1 Reply Latest reply on Nov 3, 2009 12:16 PM by chipf

    acml 4.3.0 + openmp = Segmentation fault (core dumped)

      gfortran, ifort

      I use gfortran 4.4.1 (and ifort 11.0) with acml 4.3.0 in Ubuntu 9.10 32bit (and Scientific Linux 5.3 32bit). I compile this code:



            program eigenlapack      

            PARAMETER        (n=1000)

            PARAMETER        (lwork=8*n)      

            integer           m, info, iwork(5*n), IL, IU, ifail(n),i,j

            REAL              w(n), work(lwork), a(n,n), VL, VU, z(n,n)




            IL = 1

            IU = 5


            do 10 i=1,n

              do 20 j=1,n


         20 continue

         10 continue


      !$omp parallel default(firstprivate)


            CALL SSYEVX ('N', 'A',  'U', n, a, n, VL, VU, IL, IU, 0.0d0, 

           1              m, w, z, n, work, lwork,  iwork, ifail, info)



            write(*,'(3x,a)') 'Number of eigenvalues:'

            write(*,'(3x,I100)') m

            write(*,'(3x,a)') 'Eigenvalues:'

            write(11,'(10000f12.2)') (w(i),i=1,n)


      !$omp end parallel




      If I set "export OMP_NUM_THREADS=1" then it works correctly. But if I use more than one thread (OMP_NUM_THREADS=2) then it don't work:


      Segmentation fault (core dumped)


      It work with variable n=416 or less. 

      Single version of code work right.



      What can I do?

        • acml 4.3.0 + openmp = Segmentation fault (core dumped)

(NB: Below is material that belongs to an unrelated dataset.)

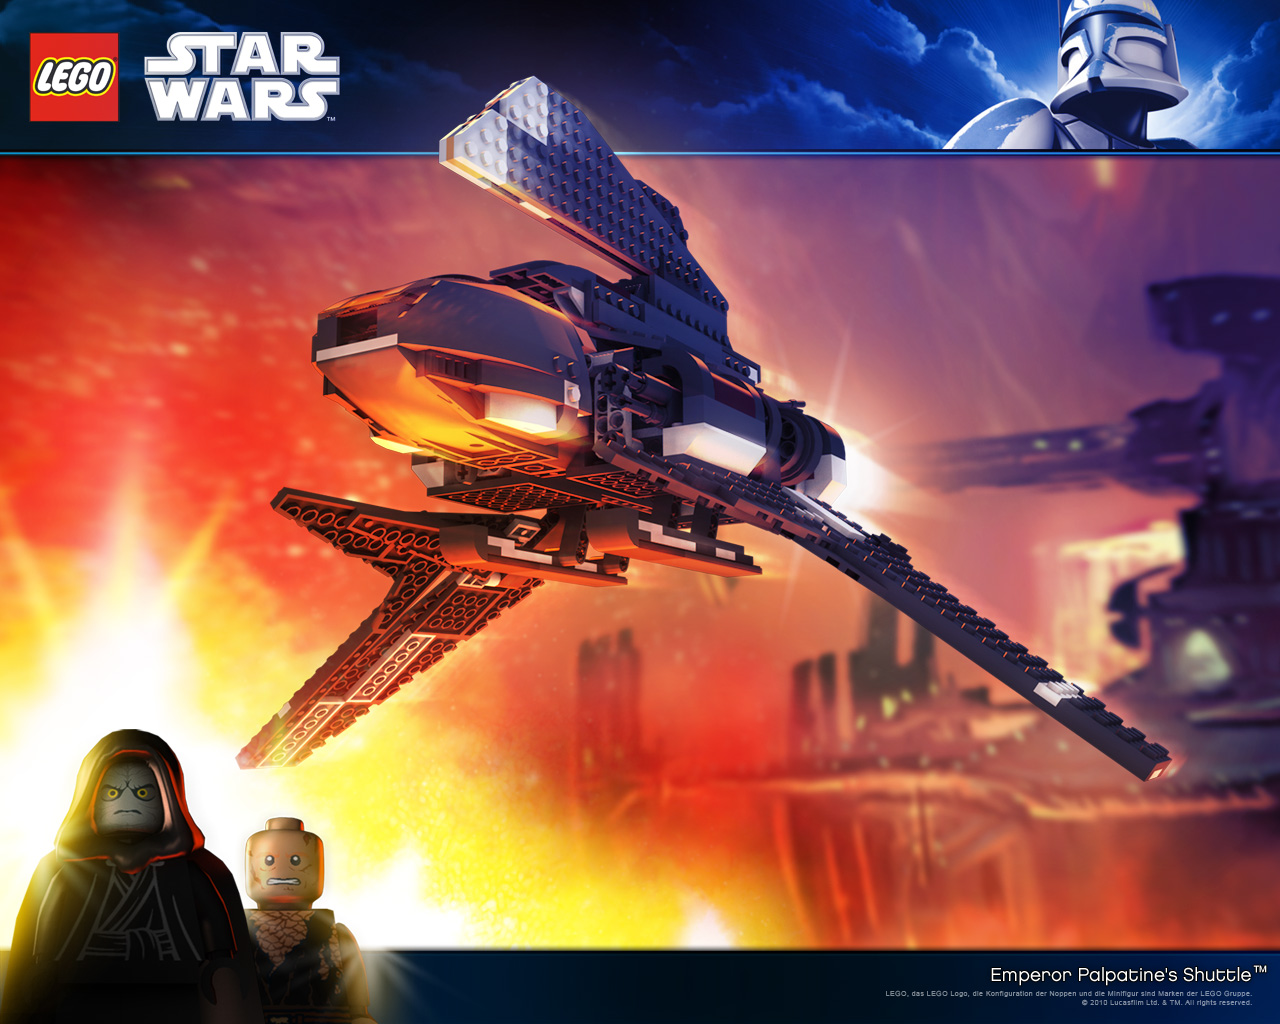 lego-star-wars-obrazki (5) title=

          The bug is easily reproduced.  It happens with a 64-bit OS also, and when linking either with the single threaded or OpenMP ACML library. I used ACML 4.3.0 gfortran64 and gcc/gfortran 4.4.1 to reproduce the problem.

          GDB quickly reveals that the segfault occurs on the openmp parallel clause, and looks immediately like a stack size issue.  A quick search in google turned up similar issues.

          I resolved the problem like this:  Change the declaration for the REAL variables to:

          REAL,save::     w(n), work(lwork), a(n,n), VL, VU, z(n,n)

          I think this is moving these larger arrays off of the stack and into allocated memory.  You could also solve the problem by increasing the available stack size.

          Such a simple change, but it fixed the problem for me.